Pylons and django comparison

I’ve been working with django for 2 years now on various projects, recently i decided to give a try to pylons, here are some of my thoughts about the two.

First of all the two are fundamentally different, django is a bundle of tools that work nicely together, pylons is glue around your tools of choice. A good example here is a template engine. When creating a new pylons project it asks you what engine you want to use, making zero assumptions. Django comes with it’s own template engine to start with. Bunch of still in django.contrib depends on the django template tags. That means to retain basic django functionality (admin, comments, 3rd party reusable apps) on a different template engine you have to monkey-patch django :). As a side not until 1.2 the development was heavily slowed down by the incompatibility between jinja2 and django, .

Lesson here: use what django gives you or you’re in for lots of troubles

There is more than one side on the “django is a bundle” argument tho, let’s have a look at something as common as authentication. My goal was to secure the editing of blog posts on this blog. On pylons the process went like:

  • google it
  • look up the various auth libs out there
  • decide on auth lib
  • lookup basic example that auths from file
  • lookup more complex example that auths from DB

The comparable process on django would be:

  • google it
  • look up basic example

This approach has the downside of locking you into one SQL row per user loosing the flexibility pylons approach offers. On the other side this is exactly what i wanted on all, but one, the projects i’ve done so far. As added bonus django also gives me the functional web interface for administering users out of the box.

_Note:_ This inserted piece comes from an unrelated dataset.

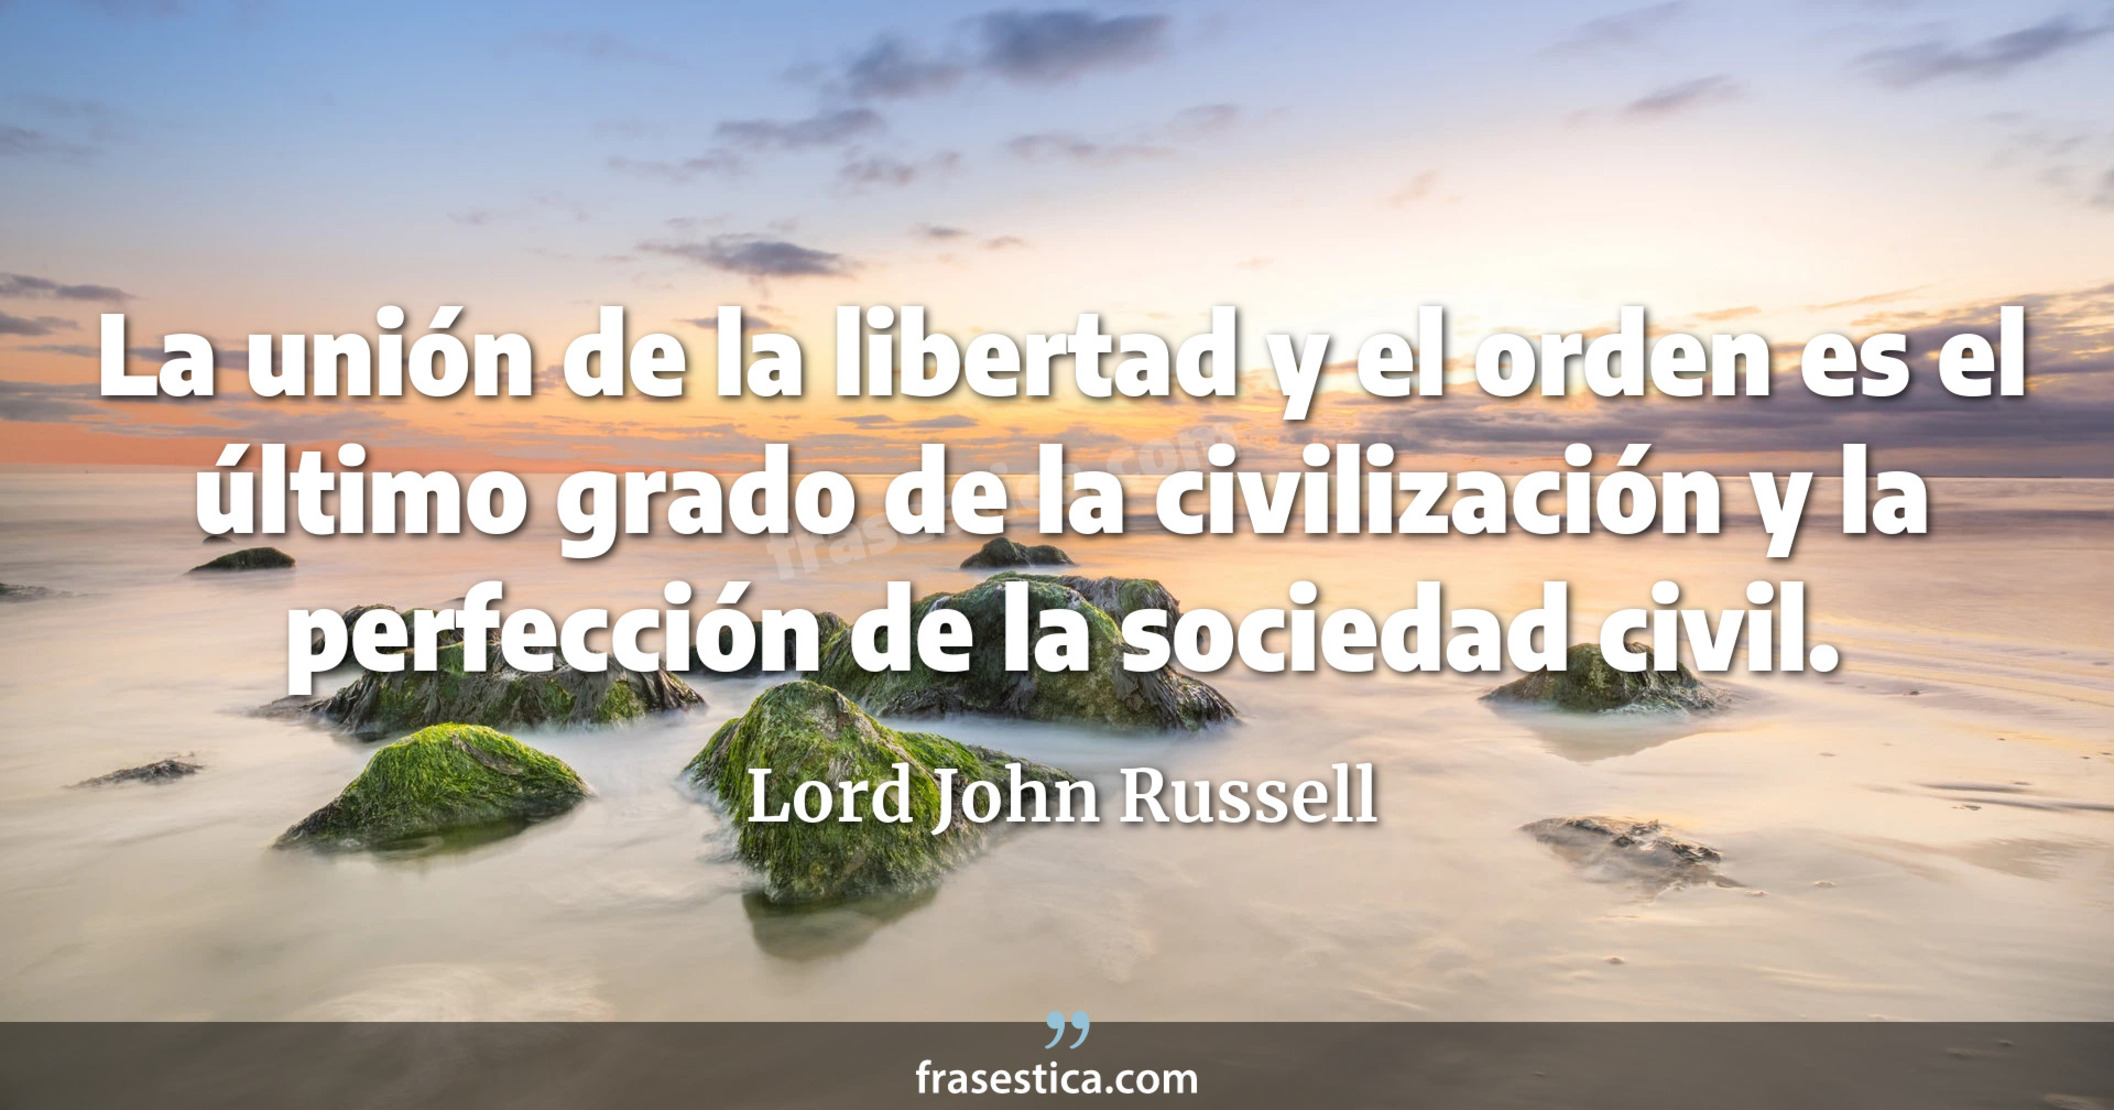 La unión de la libertad y el orden es el último grado de la civilización y la perfección de la sociedad civil. - Lord John Russell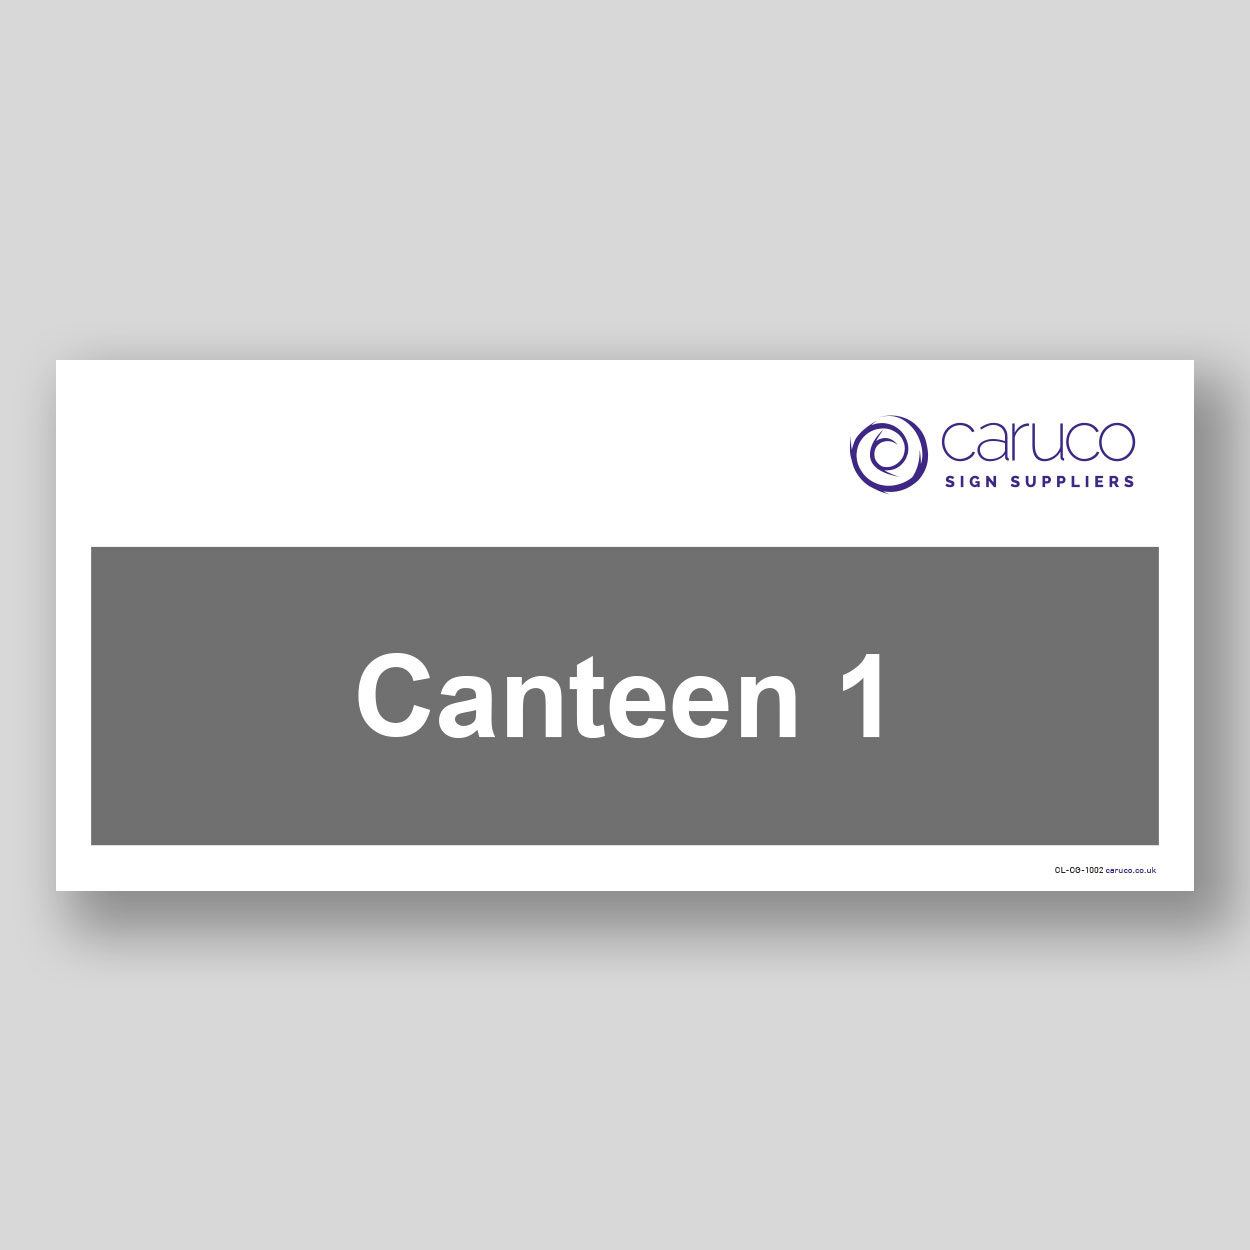 CL-CG-1002 Canteen 1

Lesson here: in most cases the django assumptions offer more productivity than pylons pluggable infrastructure

There are more people using django out there. Some of the implications are more:

  • 3rd party recipes and reusable code
  • community support (irc)
  • jobs / employees

Lesson here: size matters

What i can not leave out of this blog post is the pylons debug screen. Just like django it gives you the ability to see the context and variables of every line in the traceback. It also allows you to type the python code from web browser at ANY point from your traceback. Just to be clear, here are the steps i saved:

  • find the line from traceback
  • insert set_trace()
  • re-run the request
  • debug
  • possibly find previous calling point, insert break point there and re-run the request

All that done straight from the browser, awesome!

Lesson here: pylons default debugger rocks

AppEngine ups and downs

So i recently started using appengine, it should be noted i’m VERY new to it. I come from django background so this is mostly the comparison between the two.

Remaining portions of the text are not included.